### YOUR INSTRUCTIONS
The data must be transcribed exactly, with no line missing.

[DATA BLOCK — start]

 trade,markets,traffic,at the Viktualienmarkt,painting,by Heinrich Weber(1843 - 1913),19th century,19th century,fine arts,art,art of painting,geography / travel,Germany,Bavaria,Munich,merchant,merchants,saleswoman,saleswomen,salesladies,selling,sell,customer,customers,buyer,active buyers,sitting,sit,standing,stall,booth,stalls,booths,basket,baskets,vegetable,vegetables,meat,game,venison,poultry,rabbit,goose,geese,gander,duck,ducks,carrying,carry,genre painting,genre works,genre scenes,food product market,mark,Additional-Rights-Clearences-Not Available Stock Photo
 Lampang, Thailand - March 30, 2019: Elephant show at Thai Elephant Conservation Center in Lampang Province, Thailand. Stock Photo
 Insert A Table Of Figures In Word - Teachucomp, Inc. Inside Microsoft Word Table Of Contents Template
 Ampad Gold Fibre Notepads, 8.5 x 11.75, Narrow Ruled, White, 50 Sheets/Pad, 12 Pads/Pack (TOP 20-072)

[DATA BLOCK — finish]

### REPLY TO THE TASK
 trade,markets,traffic,at the Viktualienmarkt,painting,by Heinrich Weber(1843 - 1913),19th century,19th century,fine arts,art,art of painting,geography / travel,Germany,Bavaria,Munich,merchant,merchants,saleswoman,saleswomen,salesladies,selling,sell,customer,customers,buyer,active buyers,sitting,sit,standing,stall,booth,stalls,booths,basket,baskets,vegetable,vegetables,meat,game,venison,poultry,rabbit,goose,geese,gander,duck,ducks,carrying,carry,genre painting,genre works,genre scenes,food product market,mark,Additional-Rights-Clearences-Not Available Stock Photo
 Lampang, Thailand - March 30, 2019: Elephant show at Thai Elephant Conservation Center in Lampang Province, Thailand. Stock Photo
 Insert A Table Of Figures In Word - Teachucomp, Inc. Inside Microsoft Word Table Of Contents Template
 Ampad Gold Fibre Notepads, 8.5 x 11.75, Narrow Ruled, White, 50 Sheets/Pad, 12 Pads/Pack (TOP 20-072)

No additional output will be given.